Multiple classifiers can capture the invariant and specific feature distributions between different domains, comparing the similarity of feature distributions between training source and unseen target domains by a joint training of the admixture classifiers, generating weights to integrate the feature distributions of known domains to fit the unknown domain feature distributions.

3 Experiments and Results

3.1 Data Description

Structural T1-weighted brain MRI data of 809 subjects (468 male, 341 female, age 68.16 ± 8.12 years, range 42–89 year) were acquired from 7 in-house independent multiple centers as detailed in [5, 22]. In total, 552 subjects (295 of normal control (NC), 257 of AD) were used for leave-center-out training. The rest 257 subjects with mild cognitive impairment (MCI) were used as an independent dataset for evaluation and compared with clinical diagnosis metrics.

3.2 Implementation Details

We first evaluated the model using leave-center-out cross-validation, where one center was selected for testing at a time and all remaining centers were used for training. Then, we applied the trained model on an independent validation set of unseen images for subjects with MCI. All images were cropped to have the same size of [80, 128, 72]. Image features were extracted with $3\times 3\times 3$ convolution in the network and $2\times 2\times 2$ convolution with a stride of 2 replacing the maximum pooling. The extracted features were passed through a global average pooling layer (Sect. 2.1). $N=6$ independent classifiers were used.

During training, we sorted all training centers and feed the image features from $site_i$ to all classifiers, and set the weight of $classifier_{j(j=i)}$ to 1 and the weight of the rest classifiers to 0. We used cross-entropy to calculate the prediction error and update the parameters of the feature extractor and $classifier_j$ by backpropagation. In testing stage, we feed the image features from the test center to all classifiers, and the final prediction was used the weighted average of predicted probability over all classifiers as the final prediction.

We used SGD algorithm to optimize the model coefficients, and set the initial learning rate to 0.001 and reduce the learning rate to one-tenth of the previous value every 50 epochs. The method was implemented using PyTorch 1.1 with Python 3.7. The experiments were run on an Intel Xeon CPU with 16 cores, 43 GB. RAM and a NVIDIA A5000 GPU with 24 GB memory. The code and model are available at https://github.com/Yanjie-Z/DomainKnowledge4AD.
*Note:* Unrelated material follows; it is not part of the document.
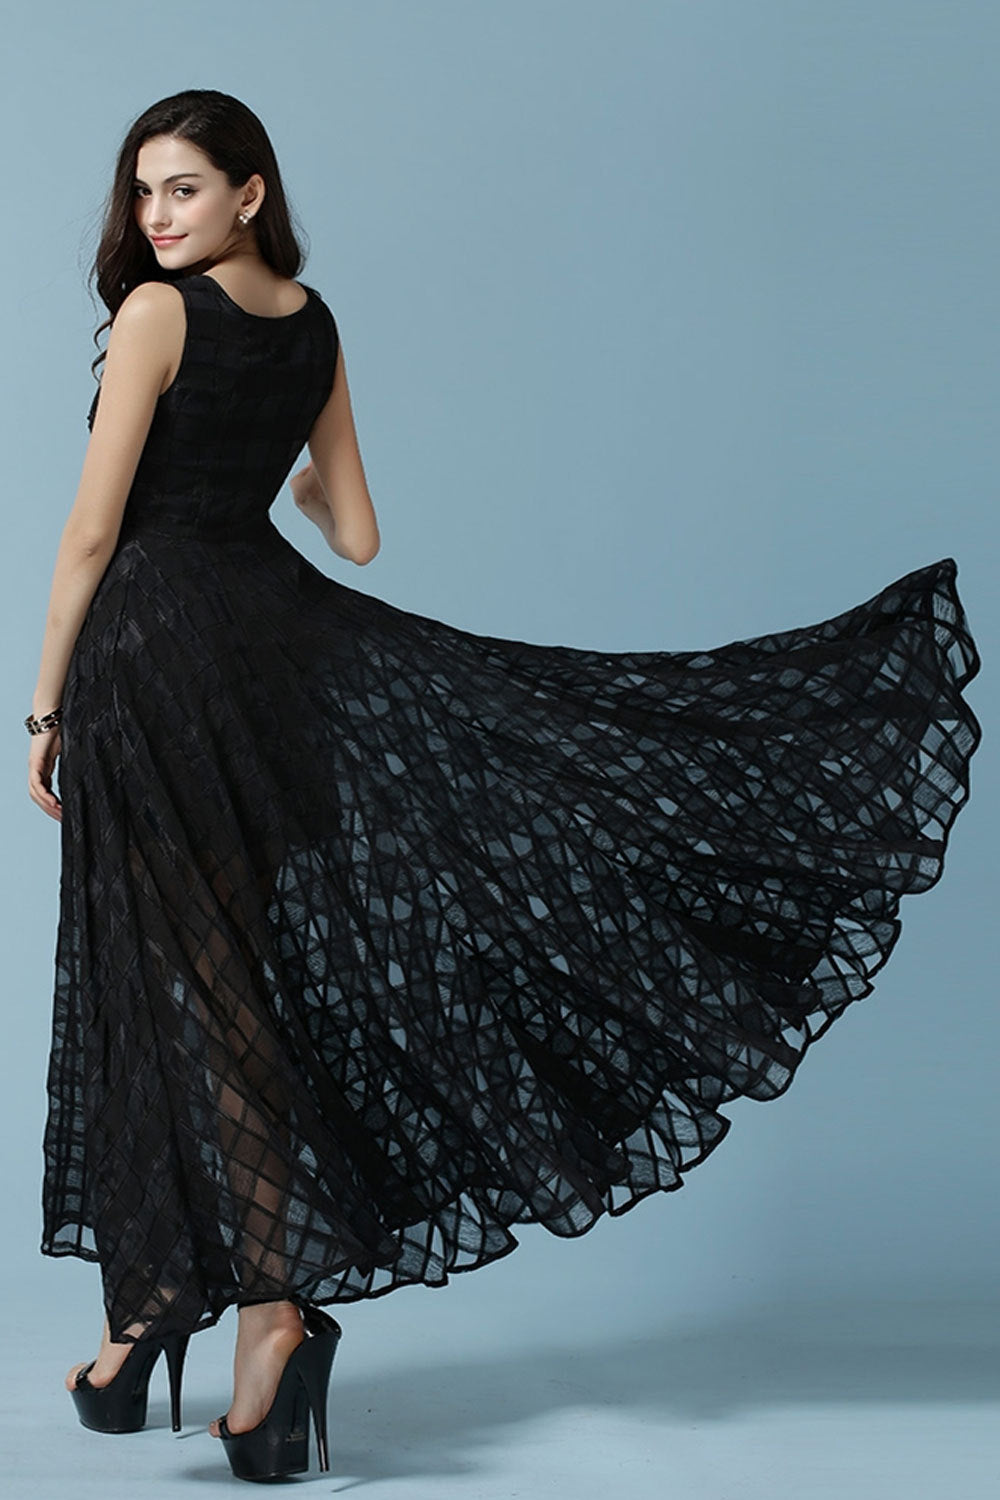 Ketty More Women's Sleeves New Fashion Jacquard Dress-KMWD213

3.3 Performance Evaluation

To evaluate the proposed approach, we feed 2 different types of input to the conventional 3D-ResNet [21] and each obtains a models: 1) ResNet, which use the original image as input, and 2) Baseline, which use the bounding box cropping strategy as proposed in Sect. 2.1. In addition, we incorporated the patch-free cropping strategy inspired by [4] to crop the middle-half sub-region of the original input sMRI image of the brain, and feed to ResNet, which we denote as ResNet-PF. The prediction performance are compared in Table 1.
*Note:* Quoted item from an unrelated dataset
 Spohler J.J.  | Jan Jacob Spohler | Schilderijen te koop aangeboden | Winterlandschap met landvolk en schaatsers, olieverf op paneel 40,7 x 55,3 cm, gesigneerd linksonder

Table 1. Comparisons among different methods with leave-center-out cross-validation. Abbreviations: ACC = accuracy, AUC = area under the curve of the receiver operating characteristic, AVG = average performance over centers. ACC in percentage.

Full size table

Our model achieves an average classification accuracy of 89.25% on all test centers during cross-validation, compared to the average classification accuracy of 85.95% with baseline (without the use of domain knowledge encoding module).
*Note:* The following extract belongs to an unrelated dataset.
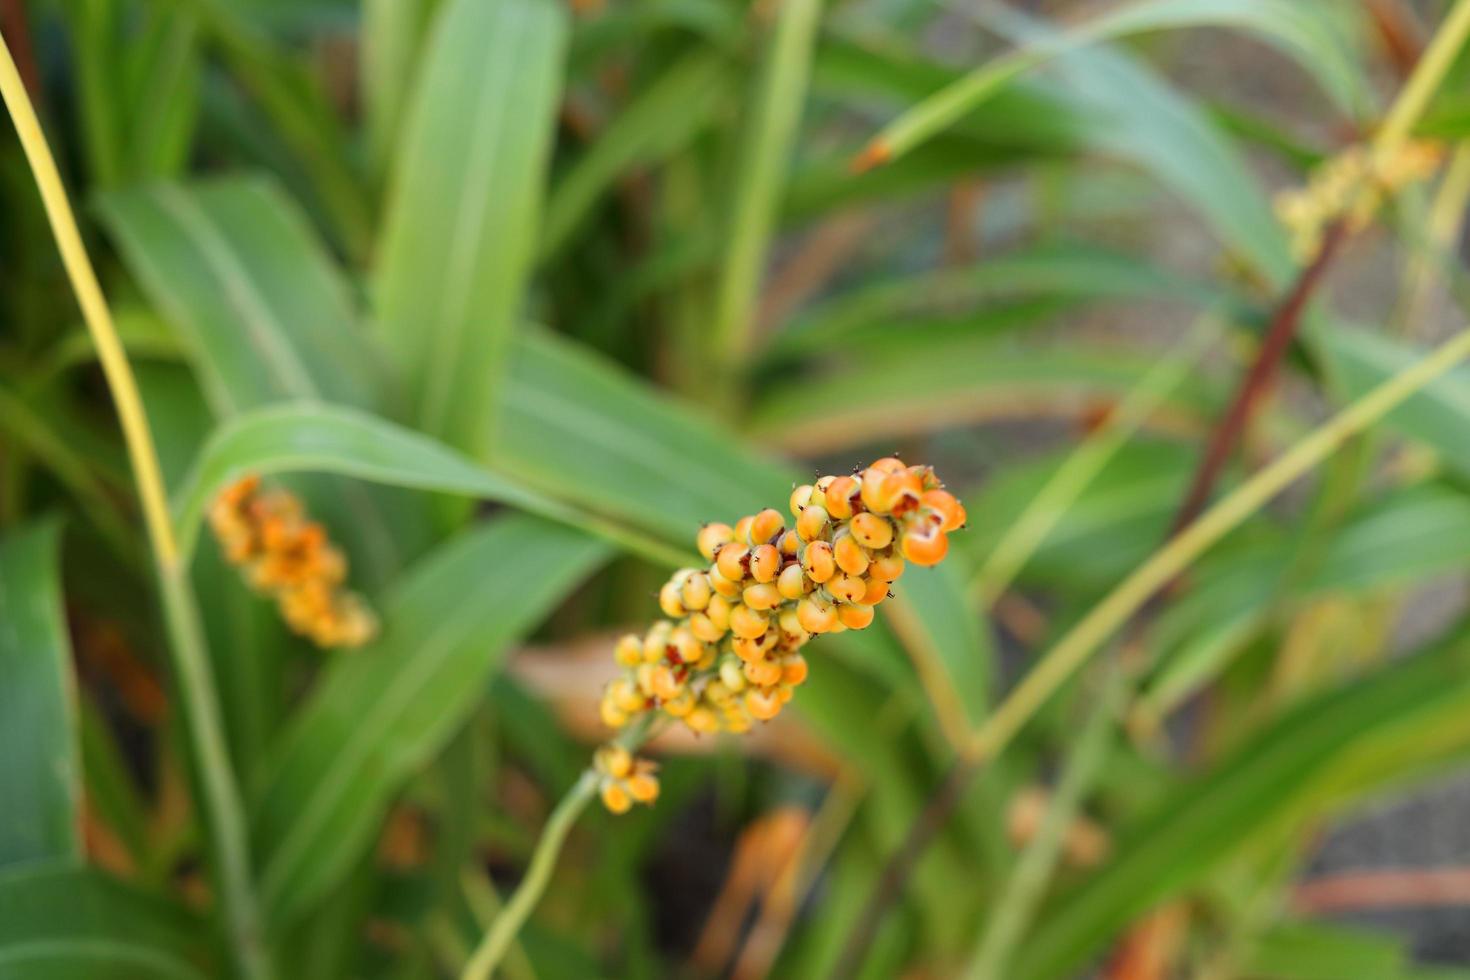 semente madura laranja clara de milho ou sorgo no galho e desfoque o fundo das folhas verdes, tailândia. foto

We used AUC-ROC curves to evaluate the classification effectiveness [13, 17, 23] of the model on the test centers, and we counted the AUC-ROC curves for seven centers and compared them accordingly in Fig. 2.

To evaluate the interpretability of the model, we used Grad-CAM [24] to analyze the sensitive regions of the model in discriminating AD. We found that the model focused on the hippocampus in the images during prediction, which confirms that AD and the hippocampus have a significant correlation. We also find that the model pays more attention to the hippocampus in discriminating AD than healthy controls. Figure 3 compares the 3D attention map between a subject with AD and a healthy subject who never has AD, demonstrating obvious higher values in hippocampus region.

4 Discussion

We proposed a novel reproducible and generalizable neural network to assist the automatically diagnosis of AD that benefits from domain knowledge and global contextual information with the help of segmentation-free, resampling-free, patch-free sub-image. The model was evaluated with leave-center-out cross-validation and with an independent set of unseen images for subjects with MCI (Fig. 2). It obtains an average accuracy of 89.25%, loss of 0.39 and AUC of 0.92 comparing with $85.95\%$, 0.58 and 0.91 using ResNet. We apply the proposed model to images from a new domain (never used during training), demonstrating promising results.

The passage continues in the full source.